Add a pool for TwistedConnection so that we re-use background threads

iffy commented 9 years ago

I keep getting this error when I make many simultaneous queries (klein -> alchimia -> PostgreSQL):

QueuePool limit of size 5 overflow 10 reached, connection timed out, timeout 30

I'm working around it right now by setting max_overflow=-1 (http://docs.sqlalchemy.org/en/rel_0_8/core/pooling.html#sqlalchemy.pool.QueuePool.params.max_overflow) but I think that will cause problems if I actually open more connections than the Postgres database allows. So I think I (or someone) could implement a Deferred-returning pool that returns Connections asynchronously and has requests for connections wait in a queue.

I'm filing this here, because I think alchimia should come with such a pool built in. I'll take a look at what an implementation might look like on Monday.

alex commented 9 years ago

I think this is related to "connection" pinning, which we need on database adapters that aren't thread safe.

What we want, I think, is that there's N+1 queues, where N is the number of thread. There's one queue for obtaining a handle to open of the connections, and then every action on a given connection stays with the same threads.

cc: @glyph

iffy commented 9 years ago

I've thought about this over the weekend. I'm not sure my use case calls for pinning connections to threads (though I think I see why that would be a nice option in other circumstances).

I'm using engine.execute directly, rather than engine.connect. This creates and closes connections on demand (if I'm reading the SQLAlchemy Engine docs correctly). And so it doesn't really matter to my application which thread (or connection) the query executes in. That said, I imagine I'll eventually need multi-statement transactions (and would then use engine.connect and benefit from a same-connection-per-thread model).

So, my duct tape solution right now is this:

        sem = defer.DeferredSemaphore(self.max_db_connections)
        real_execute = engine.execute
        engine.execute = lambda *a, **kw: sem.run(real_execute, *a, **kw)
        log.msg('added duct tape conn pool %s conns' % (
            self.max_db_connections,), system='database')

It looks like a Deferred-returning pool passed in to create_engine will not work because AFAICT it's accessed by synchronous SQLAlchemy code. So would an asynchronous connection pool just wrap TwistedEngine (e.g. AsyncPool(create_engine(...), max_connections=10))?

iffy commented 9 years ago

Okay, I already need to use engine.connect so I'm willing to do the work to get pooling. I have three questions:

After some code acquires a connection, what's the expected way of indicating that the code is "done" with the connection and that the connection should be returned to the pool?
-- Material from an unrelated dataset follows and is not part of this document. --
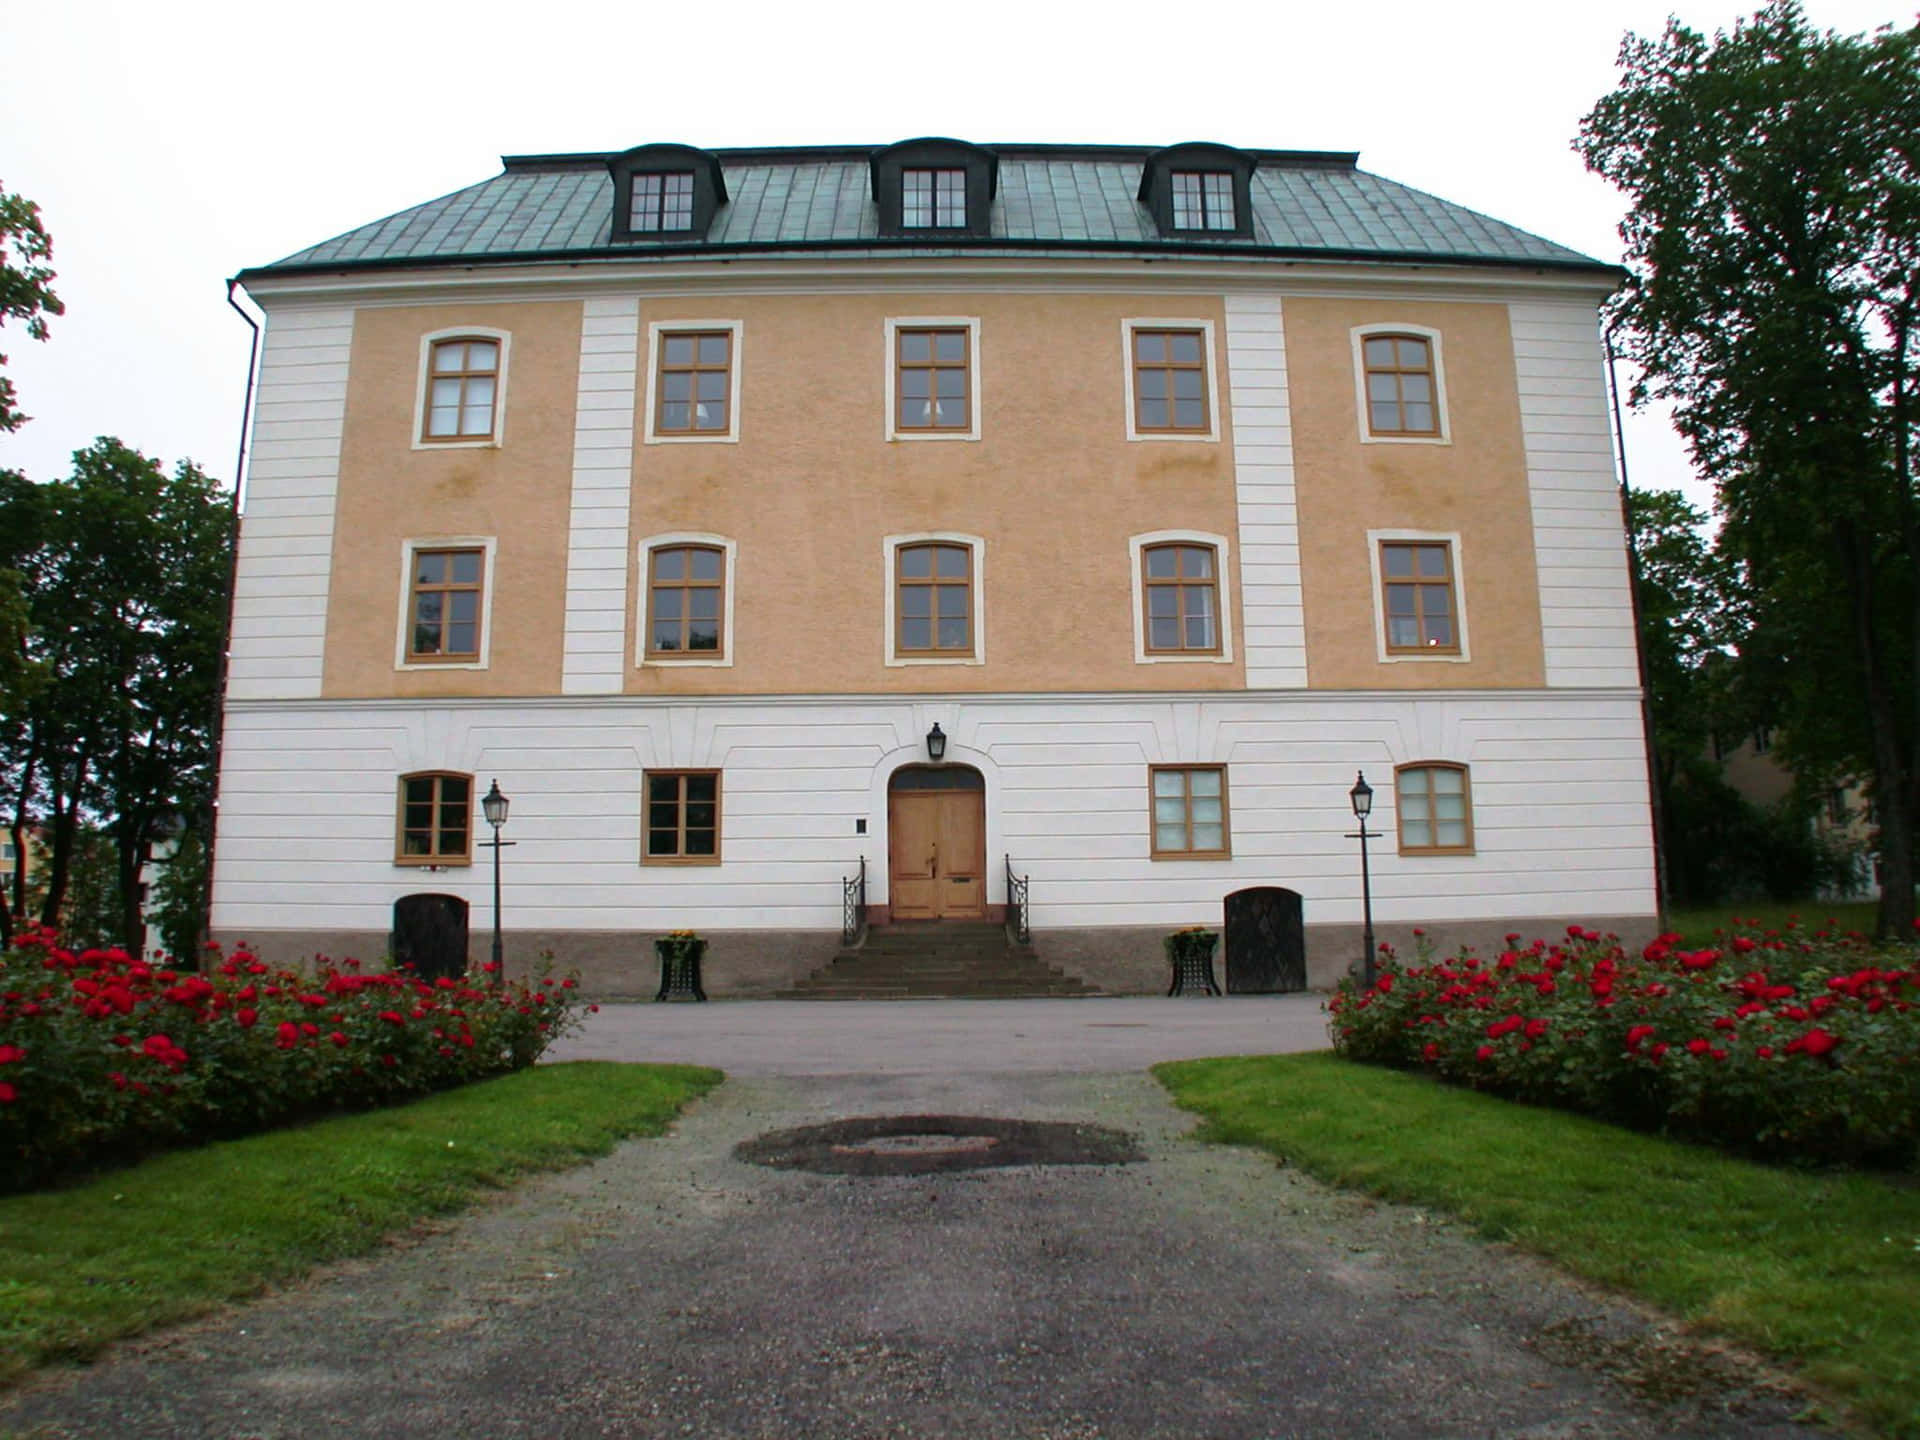 Gavle Historical Building Sweden.jpg Wallpaper

I could
- make Connection.close() return the connection to the pool (this seems wrong)
- add a method to Engine such as returnToPool(connection)
- add a method to Engine that runs some code with a connection and returns the connection to the pool when done (like runInteraction in adbapi)
Should pooling be built in to TwistedEngine or compose with TwistedEngine (i.e. Pooler(engine, pool_size=20))?
Am I incorrectly conflating connections and transactions? I think I probably am :)

iffy commented 9 years ago

Here's my best attempt so far for something that wraps TwistedEngine. I feel like there's probably already code somewhere that does the bulk of this. Anyway, is this the right direction?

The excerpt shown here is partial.